** Data extract **
· · ·
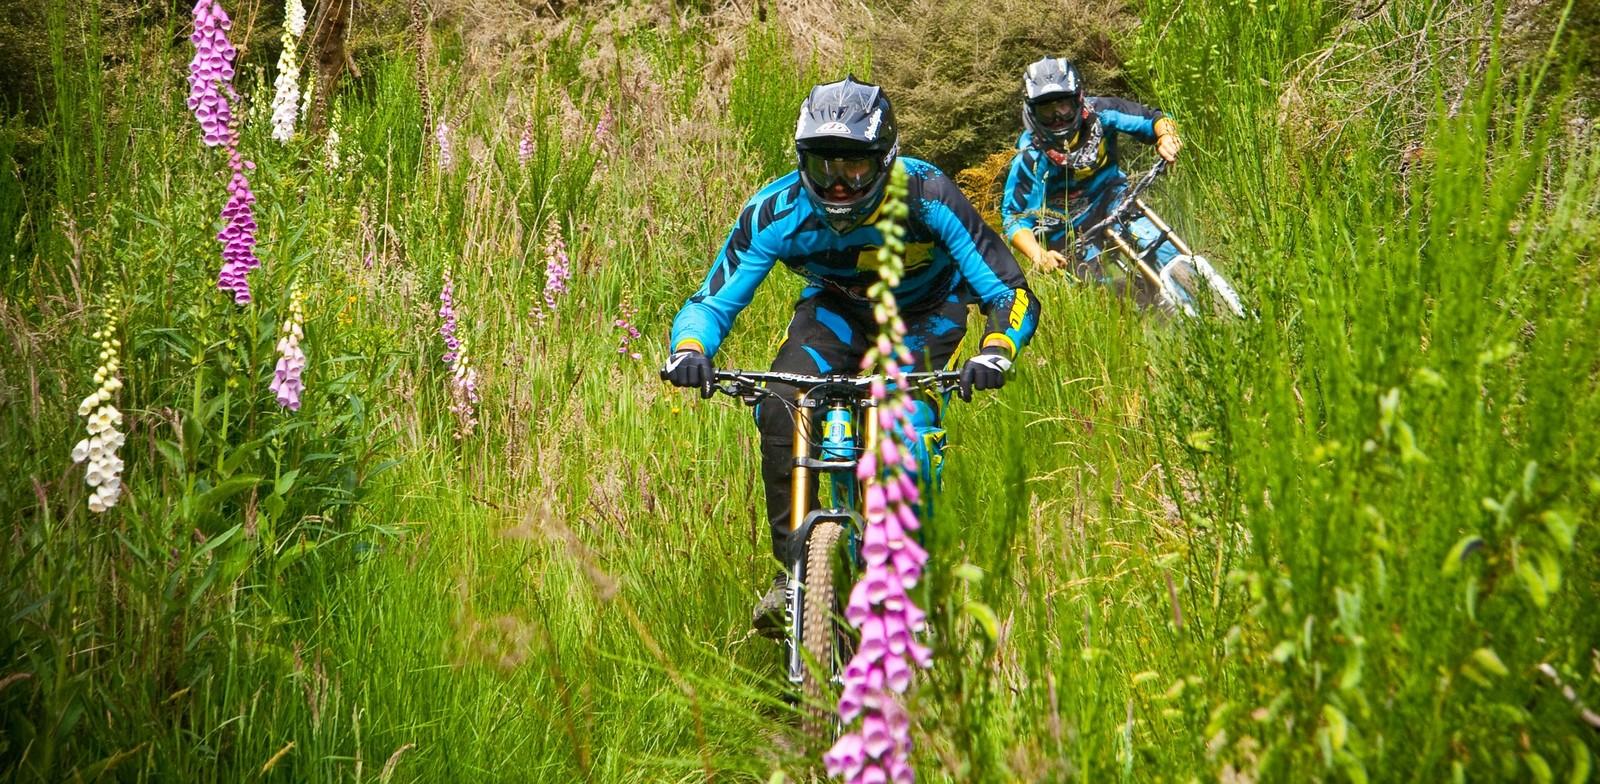 Dylan and Raphael - Banditdh - Mountain Biking Pictures - Vital MTB
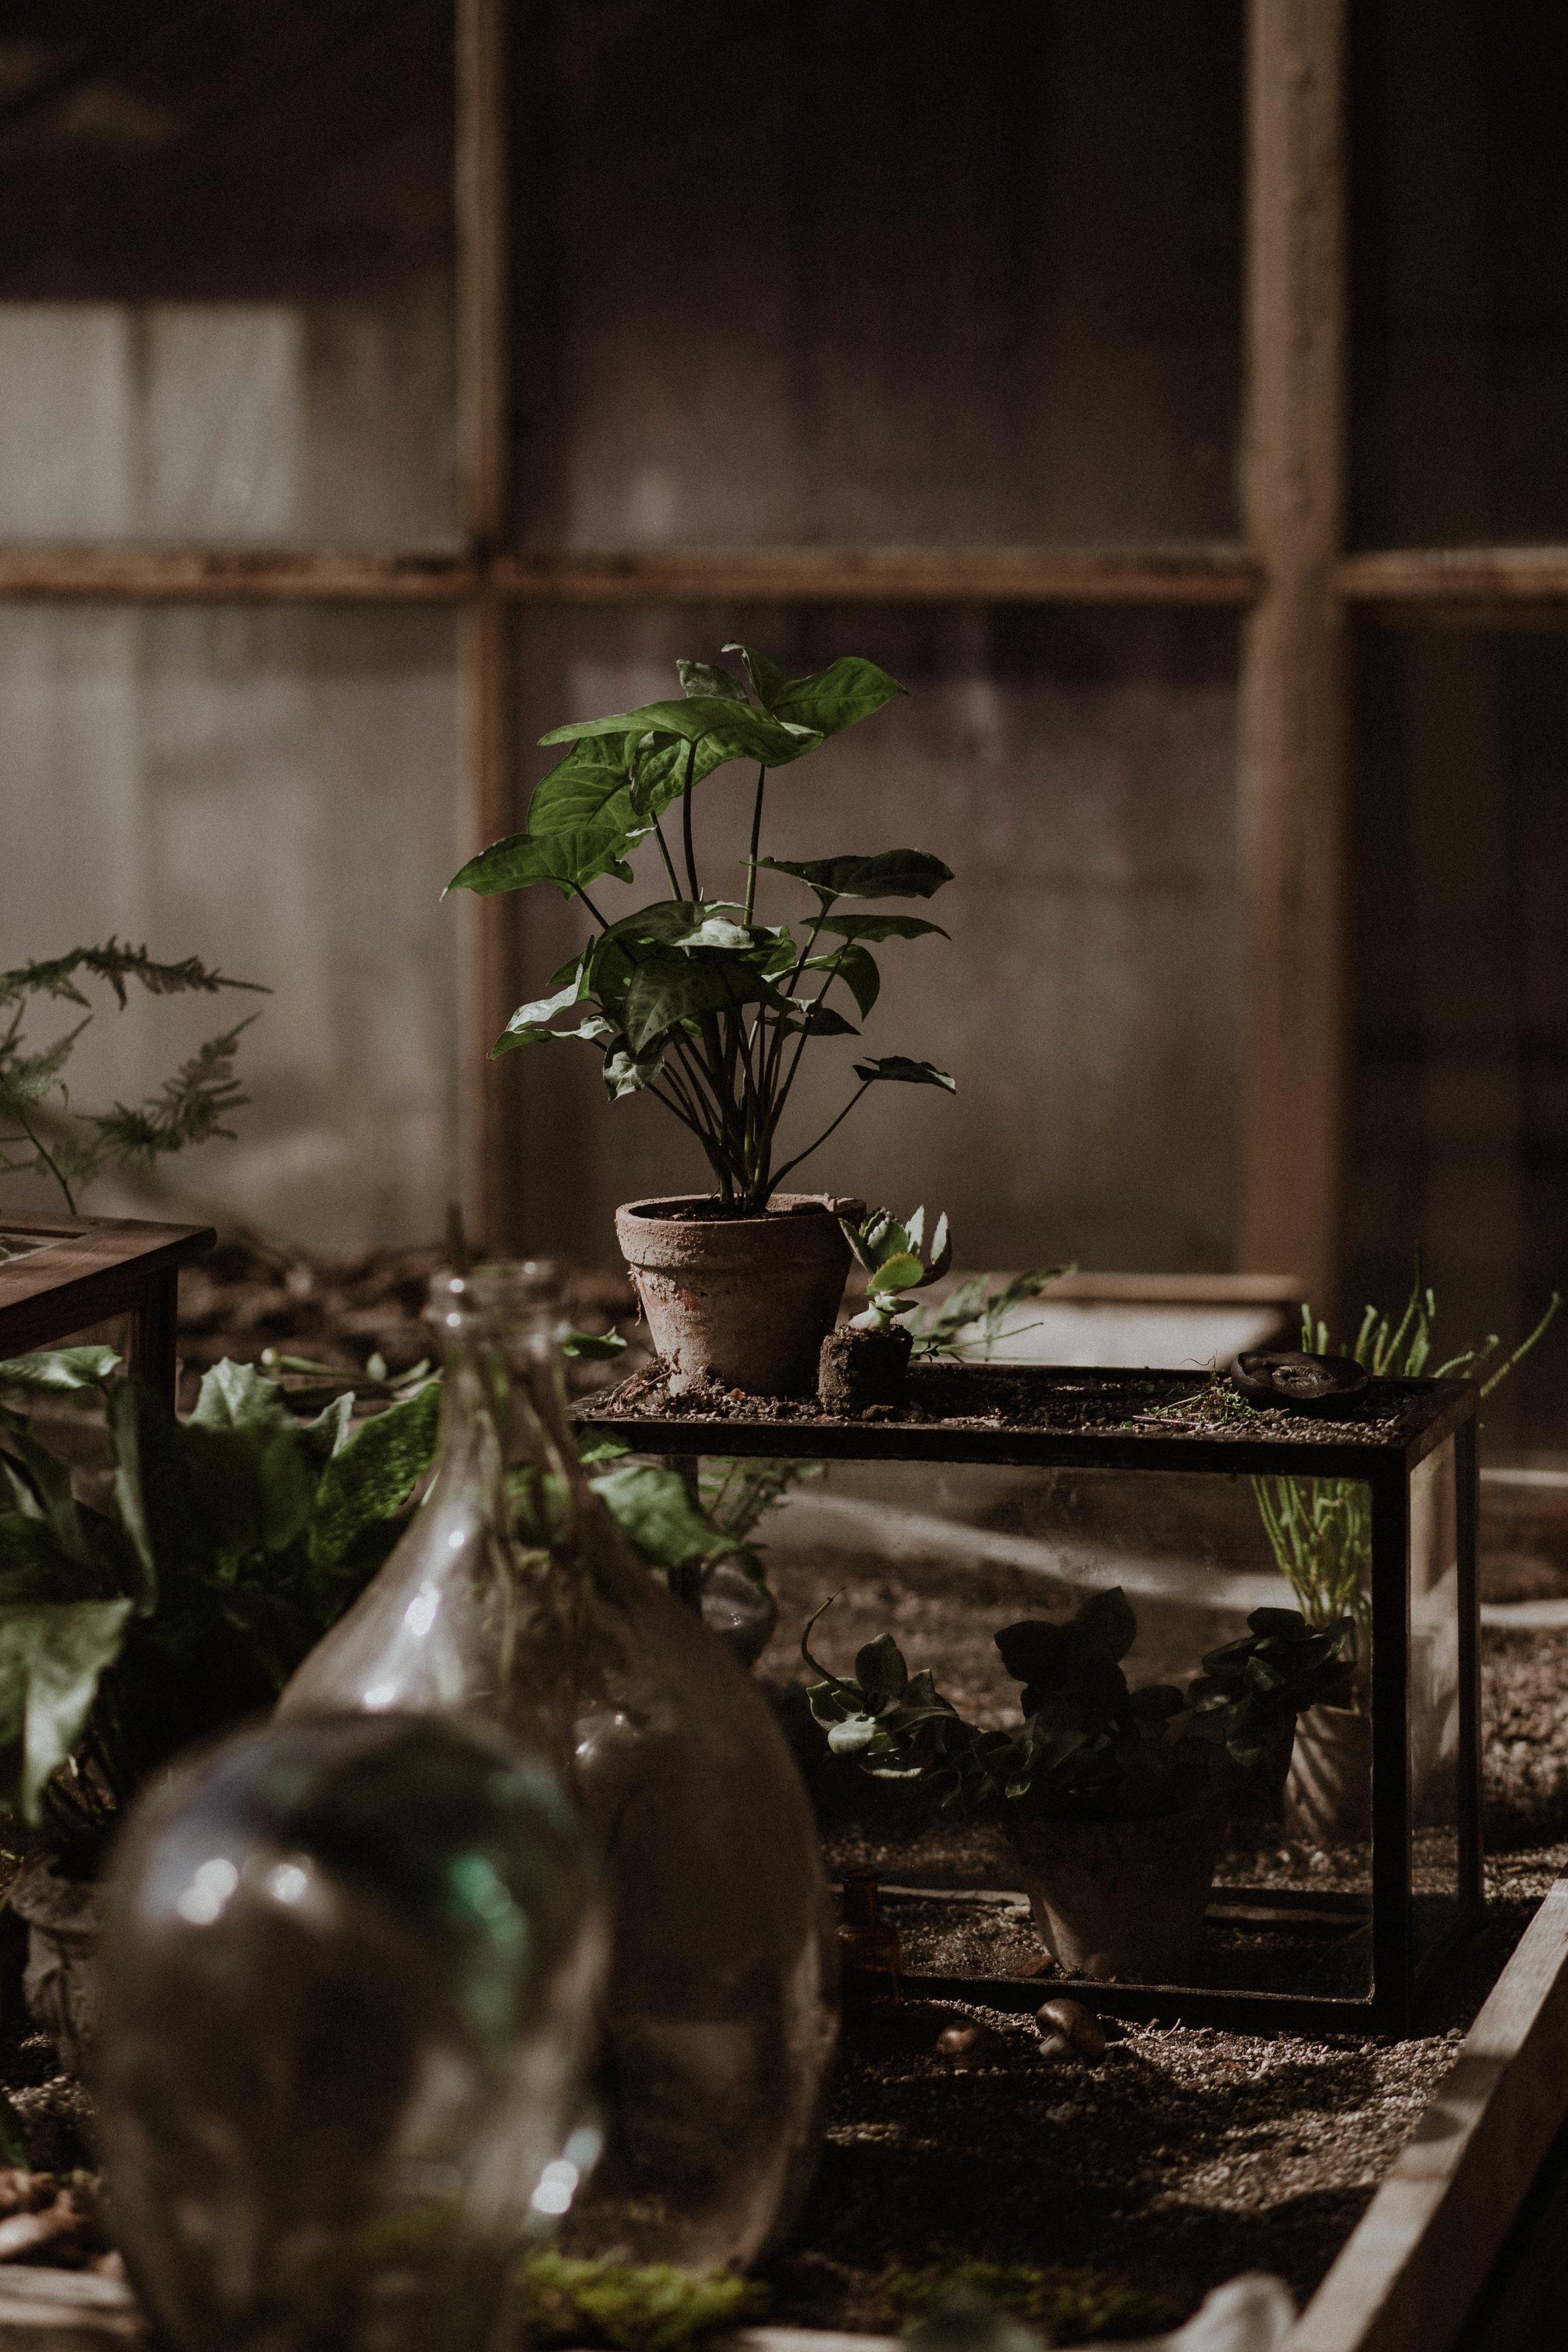 20170321_greenhouse_stsh_w_035__MG_5999.jpg
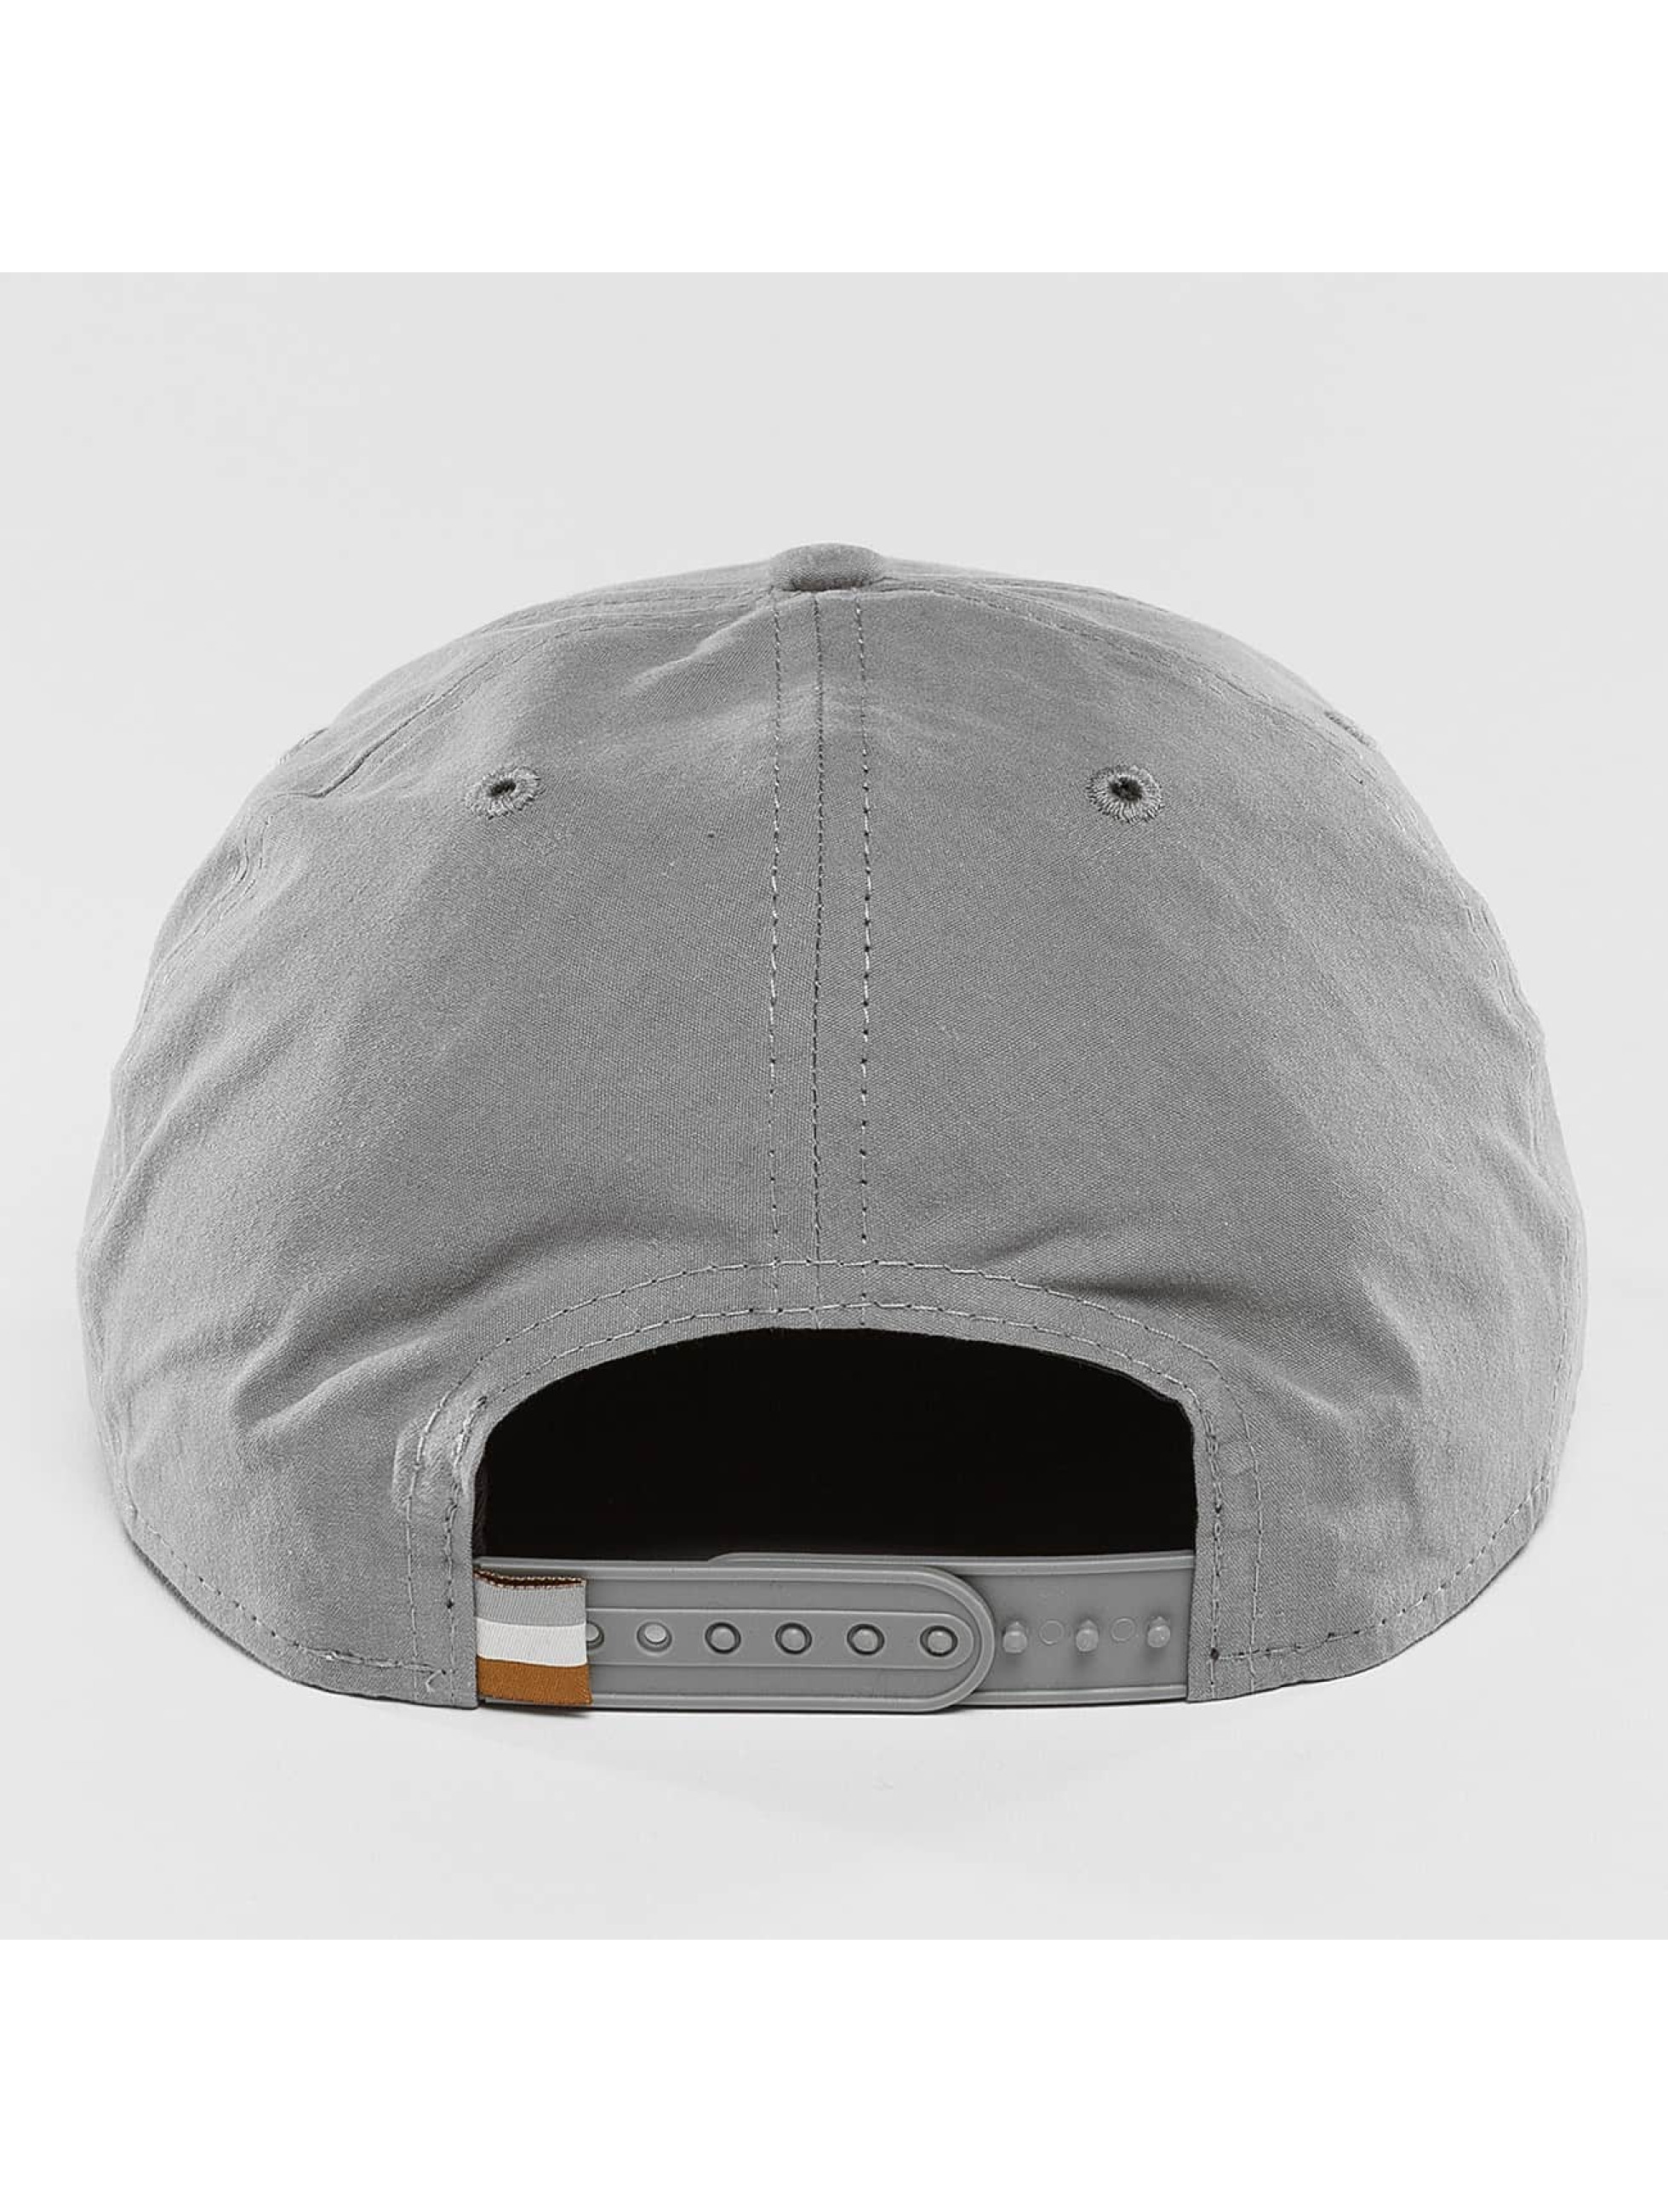 New Era Snapback Cap Lightweight Essential Philadelphia Phillies Cooperstown 9Fifty gray
· · ·
** What to produce **
When you retype the material above, keep every word exact and drop the images.

** Reply **
 Dylan and Raphael - Banditdh - Mountain Biking Pictures - Vital MTB
 20170321_greenhouse_stsh_w_035__MG_5999.jpg
 New Era Snapback Cap Lightweight Essential Philadelphia Phillies Cooperstown 9Fifty gray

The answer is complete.